What’s New about Canada’s Feminist International Assistance Policy: the Problem and Possibilities of ‘More of the Same.'

Citation:

Tiessen, Rebecca. 2019. “What’s New about Canada’s Feminist International Assistance Policy: the Problem and Possibilities of ‘More of the Same.’” The School of Public Policy Publications 12 (44).

Author: Rebecca Tiessen

Annotation:

Summary:
Canada’s new Feminist International Assistance Policy (FIAP) will succeed only if it leaves behind its instrumentalist feminist approach and takes on a transformative one. Instrumentalist approaches have been the status quo for such policies in the past, but they are limited in their reach because they confine themselves to relatively easy measurements of progress.

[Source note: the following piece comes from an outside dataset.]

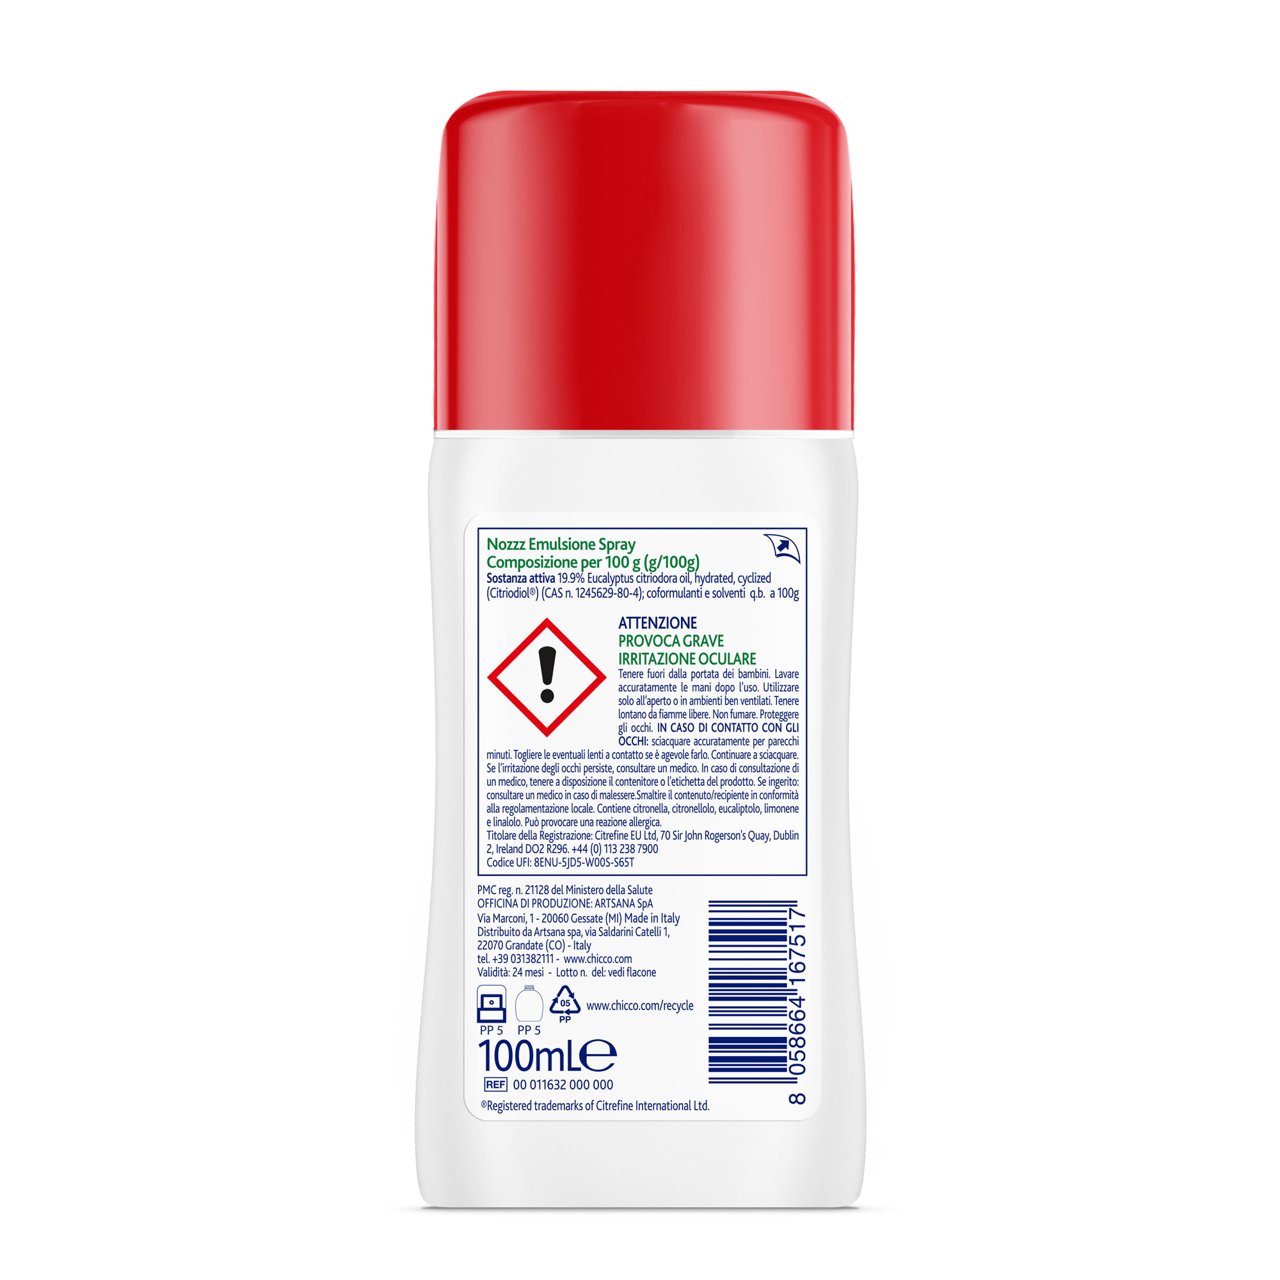 Chicco NoZzz Emulsione Spray Insetto Repellente. image number 5

These measurements include counting how many women and girls are involved in, or affected by, policy interventions that have broader societal and other goals. A transformative approach, however, goes deeper by working to permanently change the structures and institutions that perpetuate inequality. 
 
Unfortunately, the FIAP falls short of the transformative mark on a number of fronts. It does not define feminism, an omission which sets the policy up for built-in vagaries and ambiguity. And with its explicit focus on women and girls, its perspective is limited to a binary one, neglecting a broader gender equality which should include LGBTQ, trans and other non-binary individuals. 
 
The FIAP was released in 2017 with much rhetoric about its newness and innovativeness, but critics say it offers little more than what similar policies did in the past. That is a double-edged sword. The similarities are good because they reflect Canada’s longstanding commitment to gender equality, but they can also foster the continuation of weak programming. The FIAP must move beyond previous policies if it is truly going to make a difference in the lives of those individuals abroad who suffer discrimination and oppression based on gender and/or sexual orientation. 
 
A fully gender-inclusive policy must address such variables as cultural norms, discrimination, political processes and institutionalized gender inequality, and examine how and where they intersect. Policy implementation must include input and advice from local organizations that are aware of marginalization, as well as from individuals who have lived the experience of inequality and understand its local context. A review of best practices in gender equality programs over the last three decades of Canadian foreign assistance is vital for creating sustained commitments and long-lasting leadership. However, that review must also include close scrutiny of the ways in which previous strategies were limited, in order to design new policies. 
 
Not only does the FIAP need to define its own transformative feminist approach, but it must also have a timeline for specific outcomes. To be successful in changing the lives of marginalized people abroad, the policy must carefully avoid instrumentalist and mainstream feminist approaches that pose stumbling blocks to changing the structures and institutions where inequality dwells. Until these very necessary changes are made, the FIAP’s powers will be limited. Success will come when the FIAP’s content is put into practice so that, together with local organizations and individuals, it promotes social justice, gender equality and the tearing down of systemic barriers that create and sustain inequality on so many fronts.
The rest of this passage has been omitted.